Once the line containing "Buy Men Grey" is found in the entries below, reproduce it and every line after it, stopping at and including the line containing "Census Handbook, Nellore"; reproduce nothing else, and keep each line exact.

-------- WORKING DATA --------

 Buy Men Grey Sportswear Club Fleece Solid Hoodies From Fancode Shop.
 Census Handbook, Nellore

--------
-------- WORKING DATA --------

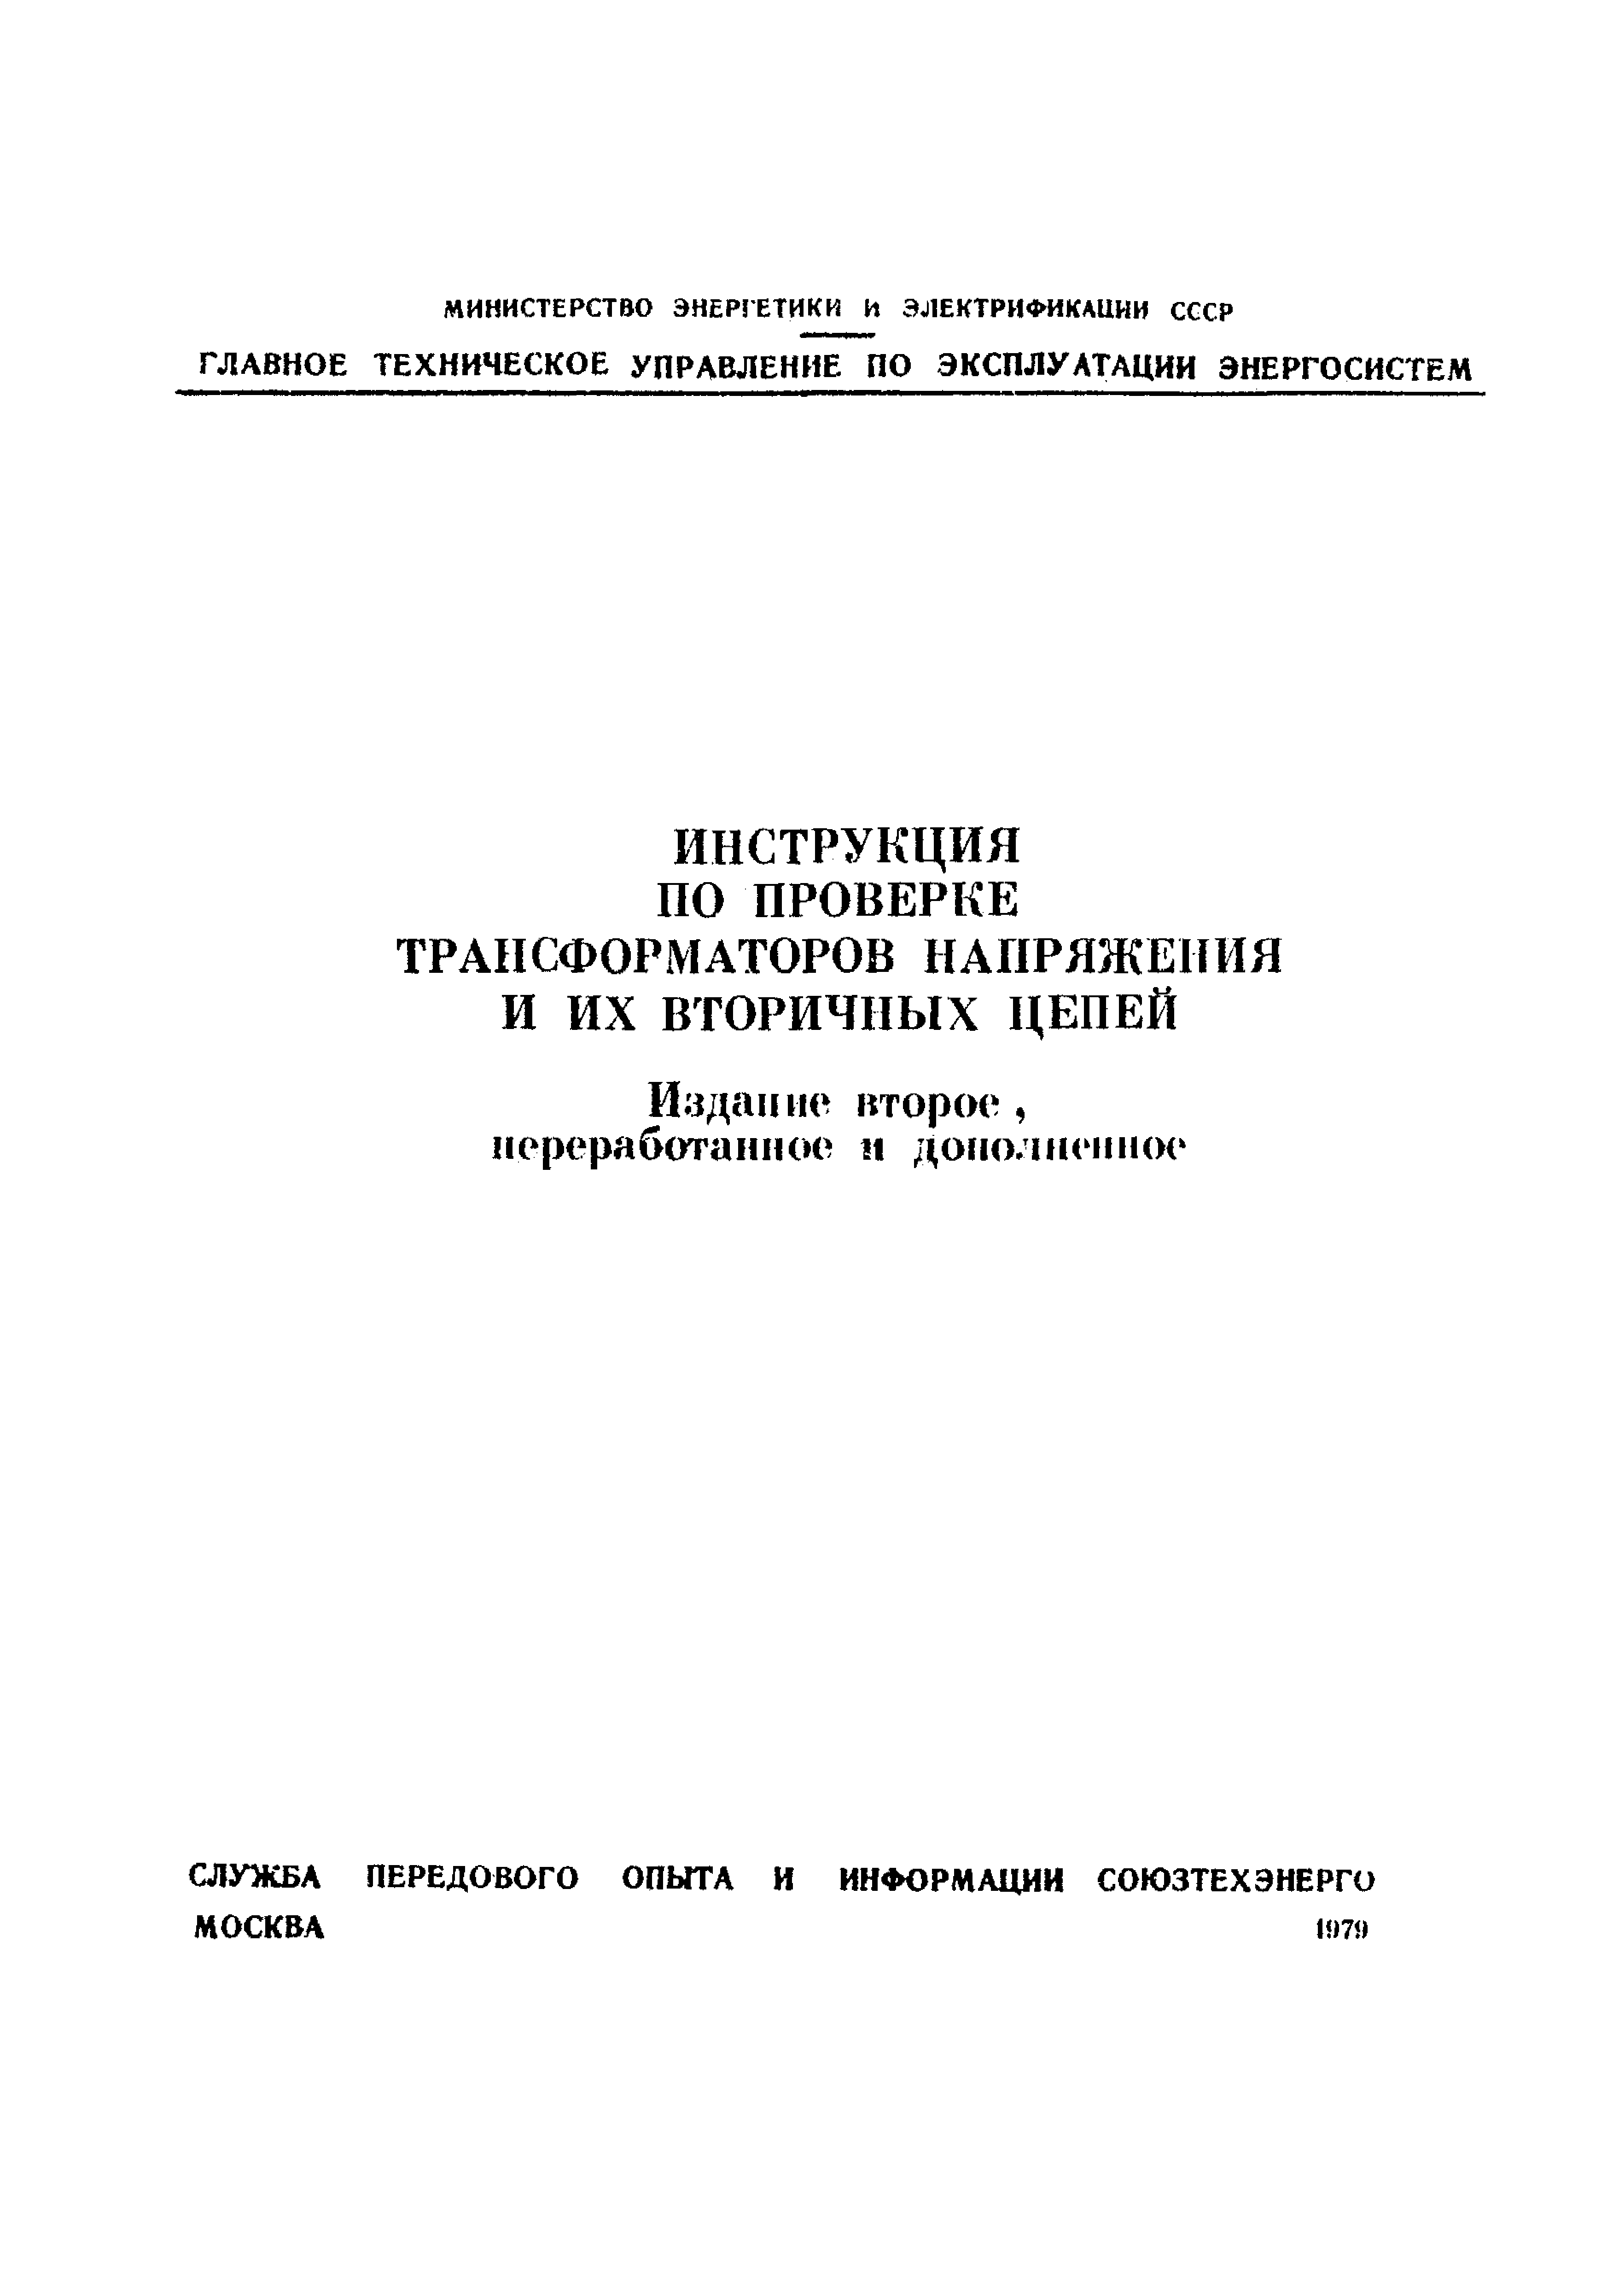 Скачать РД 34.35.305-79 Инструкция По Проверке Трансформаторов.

--------
-------- WORKING DATA --------

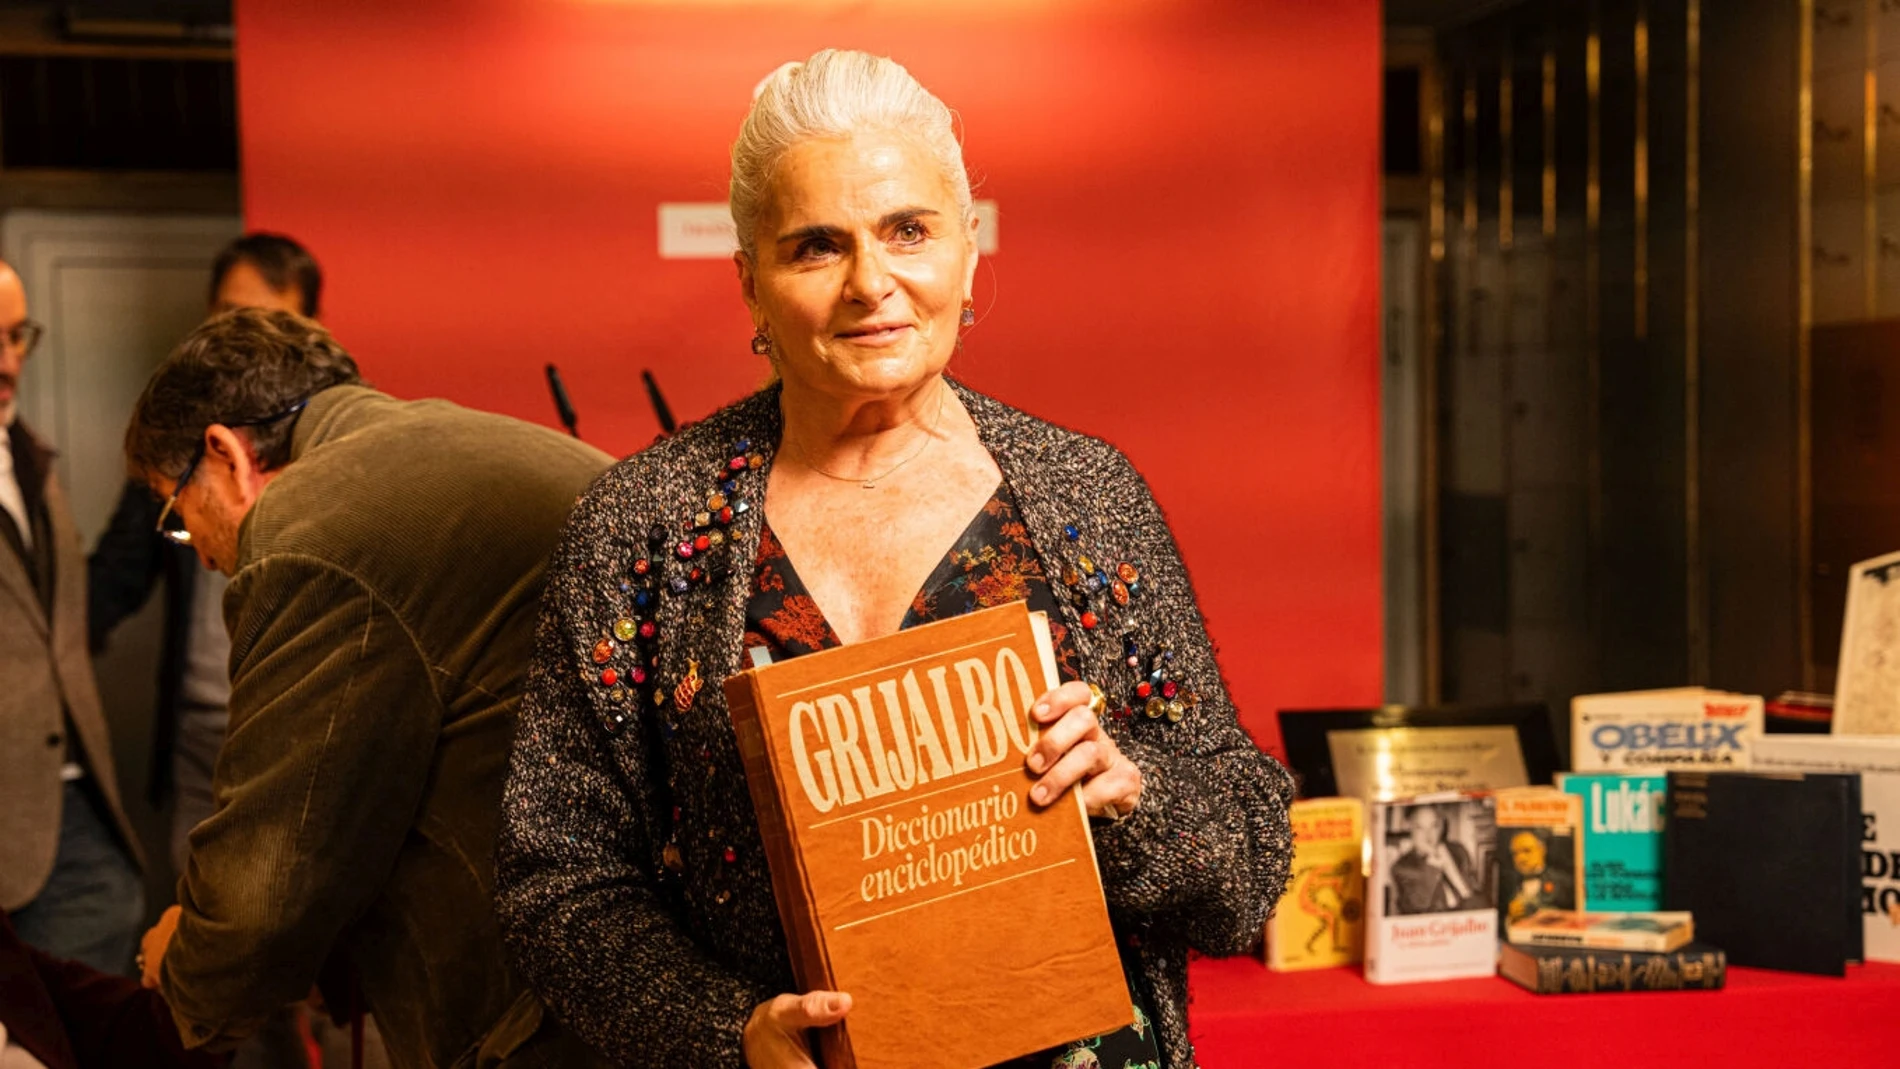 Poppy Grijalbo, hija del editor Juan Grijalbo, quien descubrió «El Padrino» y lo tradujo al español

--------

◆ ANSWER BELOW ◆
 Buy Men Grey Sportswear Club Fleece Solid Hoodies From Fancode Shop.
 Census Handbook, Nellore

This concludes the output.